By Miguel Baca Barragan, Latin Life Denver Media
Imagine it’s your first day to school. An American elementary school. There you are playing with all the other kids, eating your lunch and speaking Spanglish, loving the new atmosphere of learning. Books with words of knowledge and hope. Imagine feeling that nothing could stand in your way, dreaming of a future in physics, medicine, law or whatever you desire. Then in your senior year of high school, you go to your guidance councilor for advice on how to apply for college and the response is, “This is unusual, your kind of people don’t normally look for this information. I can’t help you”.
You wouldn’t give up right? You fill out the financial aid packet, determined to not be pushed down. You are the first of your siblings of 11 to go on from high school. You send in your application with pride, looking forward to that letter that says they will help you attend one of the honored college institutions that you have already been accepted to. Strait “A” student all though your education experience. You run to the mail box, and there it is, the letter you have been waiting for. You open it with anxiety and anxiousness just to see the bold print, “Your application is incomplete. All personal information must be filled out.” You think, I DID! But, one line remains empty. You don’t have this information. Don’t even know what it is. You call your mom in Mexico and ask where is your social security number. She response, “you don’t have one Hita”. The DREAM is shattered.
This is the story of Sarahi Espinoza Salamanca, and many others. They have earned the title of DREAMERS. Children that were brought to America on the backs of their parents, looking for a better life. The term DREAMERS is not linked to just one country or part of the world, it is present in all races and ethnicities in American culture. Children not knowing any other country but America. Some don’t even know their family’s native language but yet in this society, they are viewed as “Aliens”!
At the conference I attended in Miami at “Hispanicize 2018” on Thursday April 19th I had the opportunity to hear Sarahi’s story.

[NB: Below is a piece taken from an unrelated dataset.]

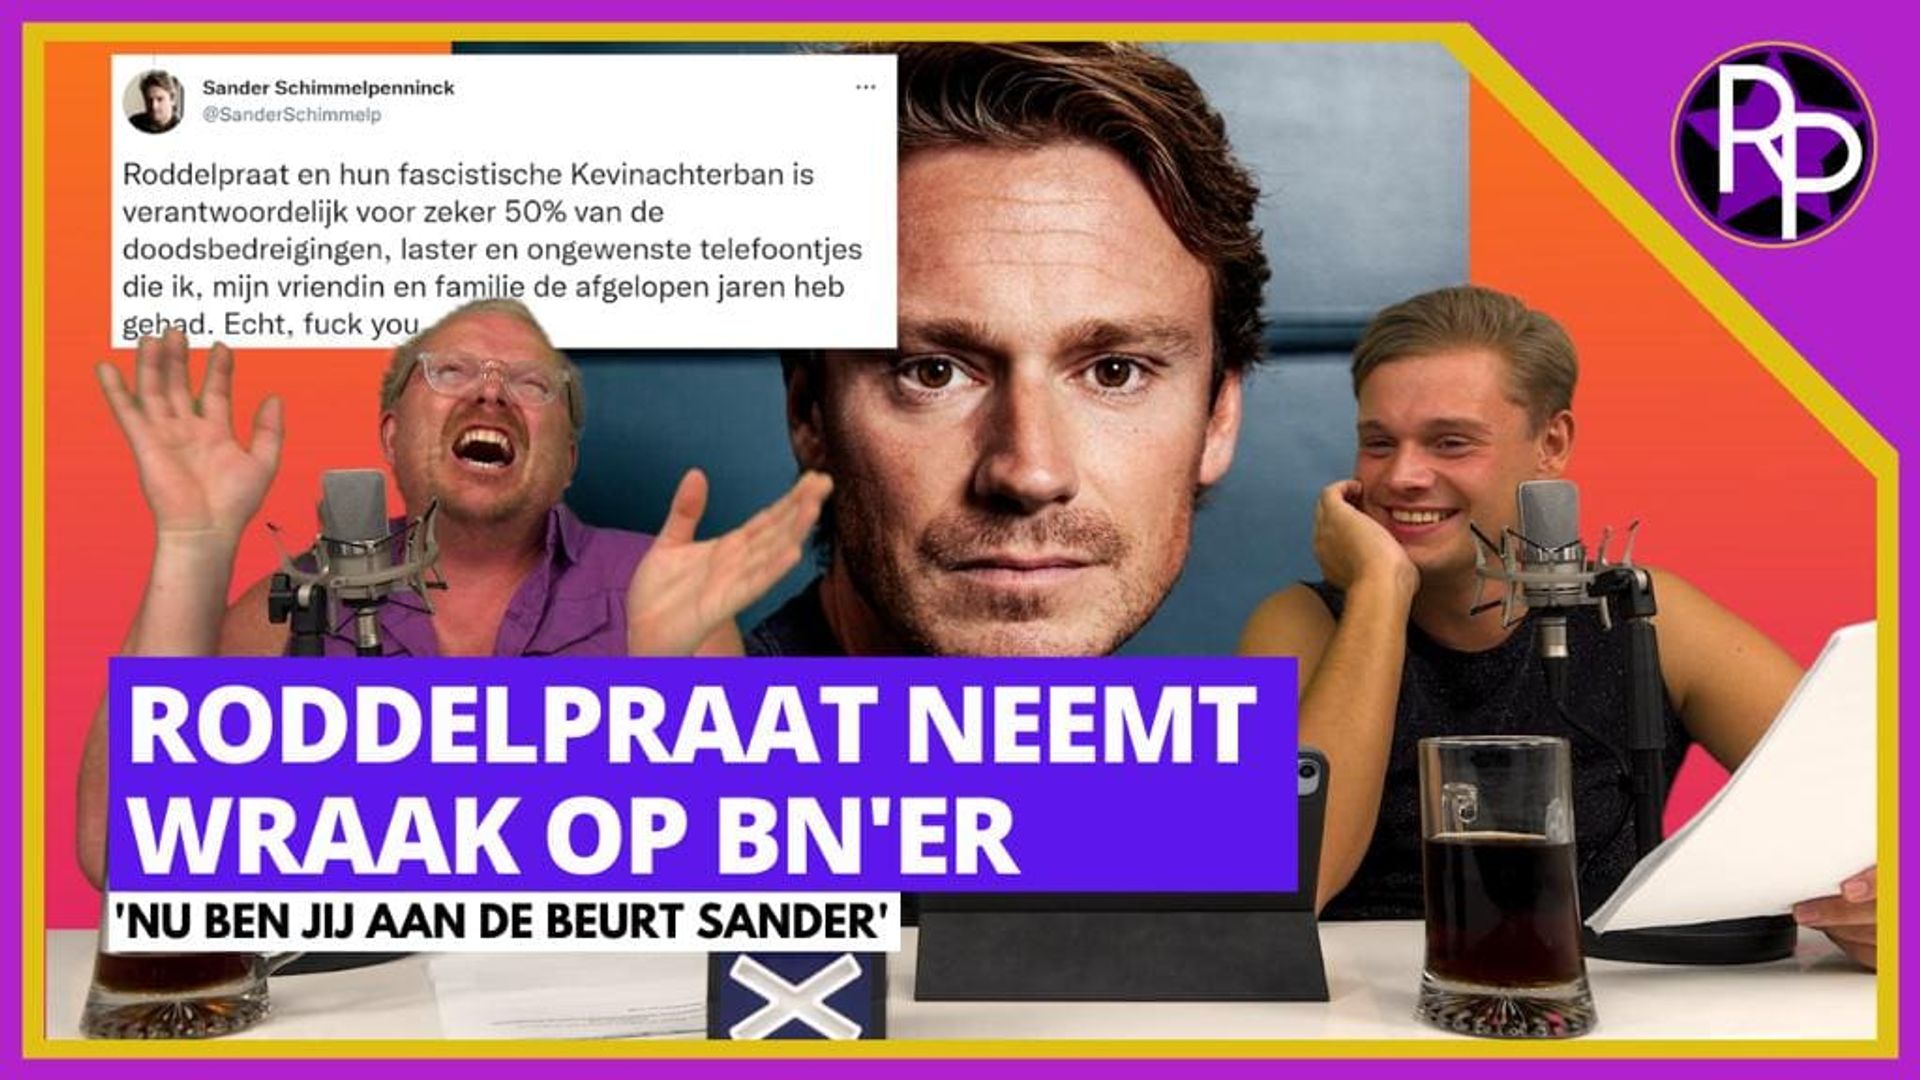 RoddelPraat neemt wraak op Sander Schimmelpenninck

The workshop was titled “Latinos in the Crossroads of Politics, Policy and Leadership Identity. It was Moderated by Jose Diaz-Balart, Anchor MSNBC with the featured speaker Sarahi Espinoza Salamanca
I was so moved with her desire to not give up. She shared how she went down so many different roads just to find one dead end after another. All she wanted to do was to go to college. She never broke any law, never hurt anyone, never committed any crime. All she wanted was to live, learn and prosper. Like so many others she wanted to live the American DREAM.

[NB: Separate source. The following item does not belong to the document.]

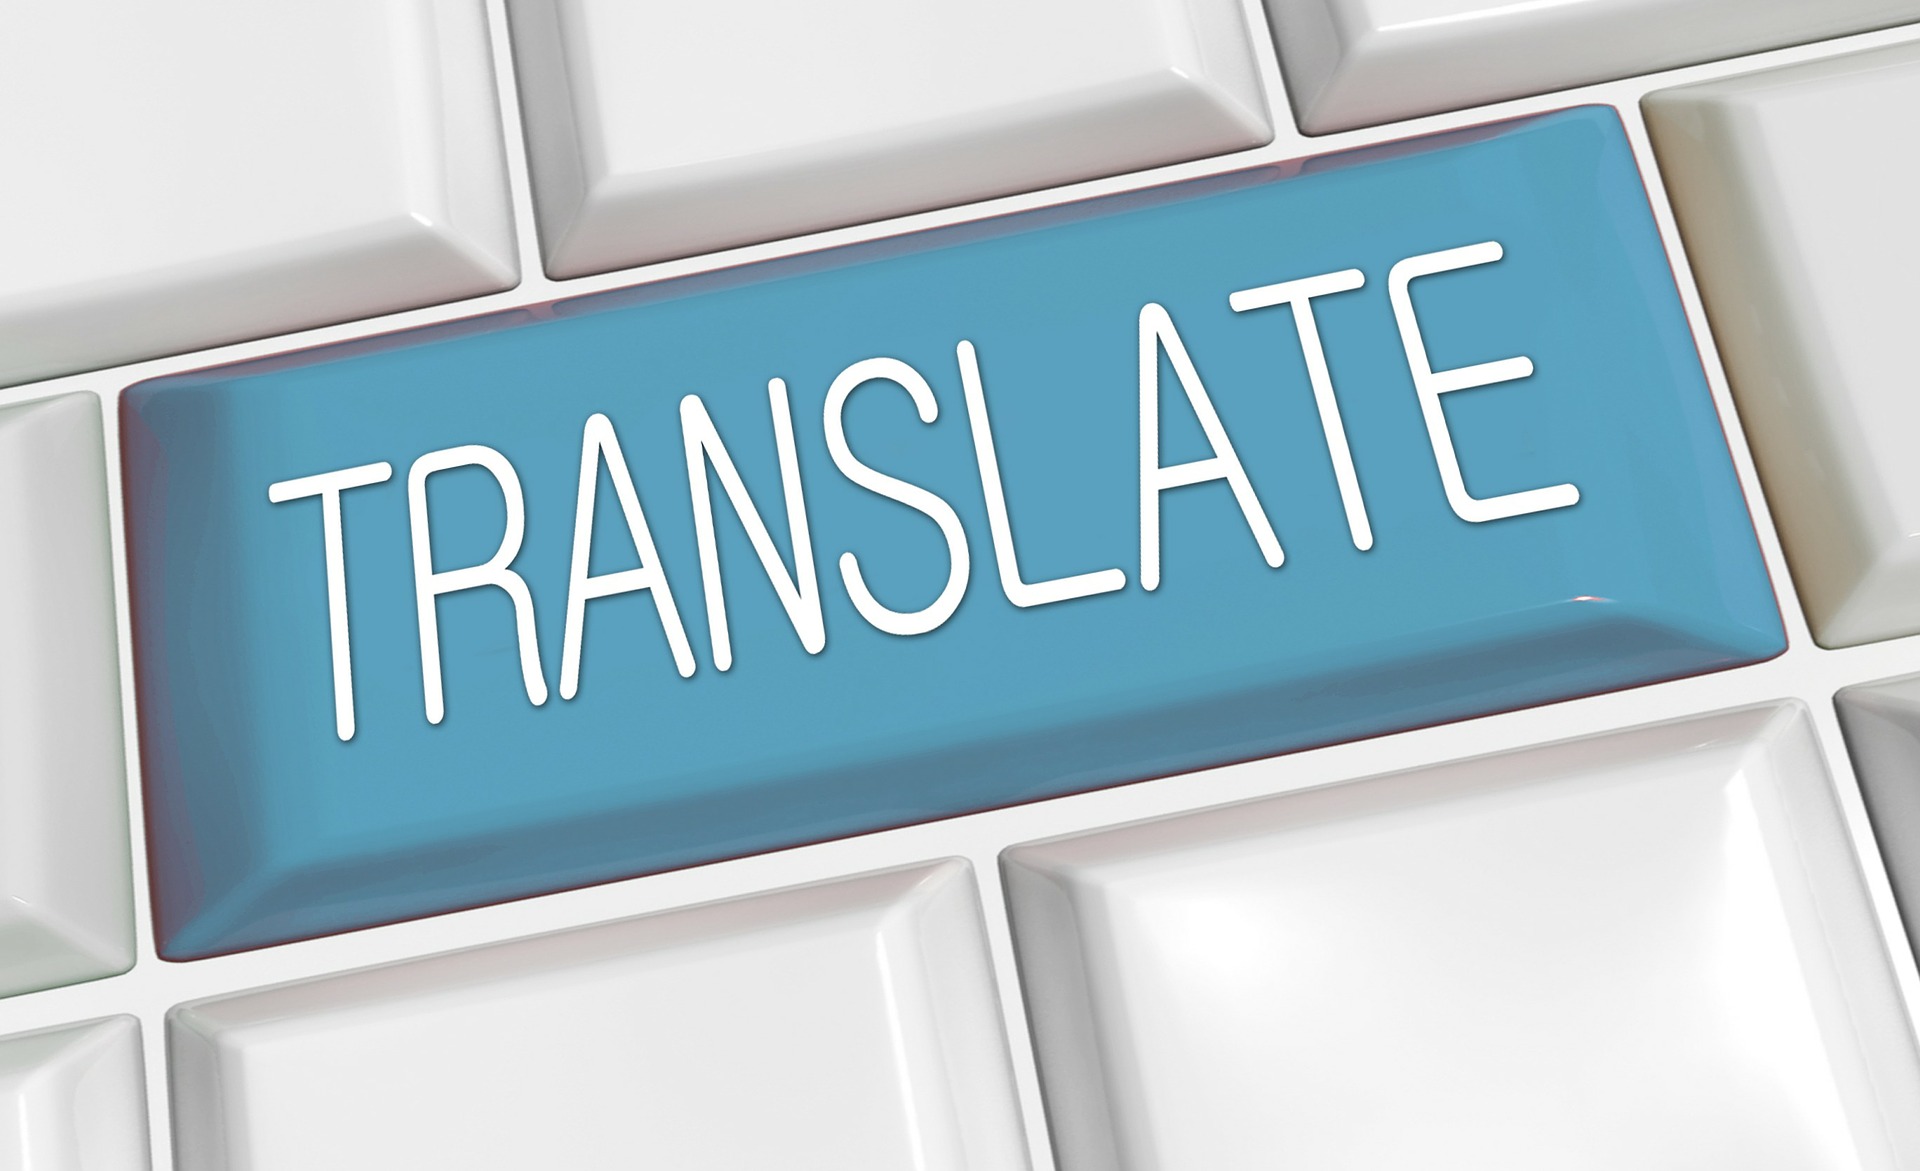 Je bekijkt nu <strong>Online vertalen wat zijn de opties?</strong>

At the young age of 19 she refused to give up. She has found a few non-profits that privately fund DREAMERS and has started her own company. Many DREAMERS like Sarahi don’t know where to go for help, or to find a way to seek higher education. Some just give up and enter the work force. Sarahi knew in her heart she was not the only one, and still pauses for a tear or two telling her story. Knowing that there are others, she is now the Founder and CEO of DREAMer’s Roadmap.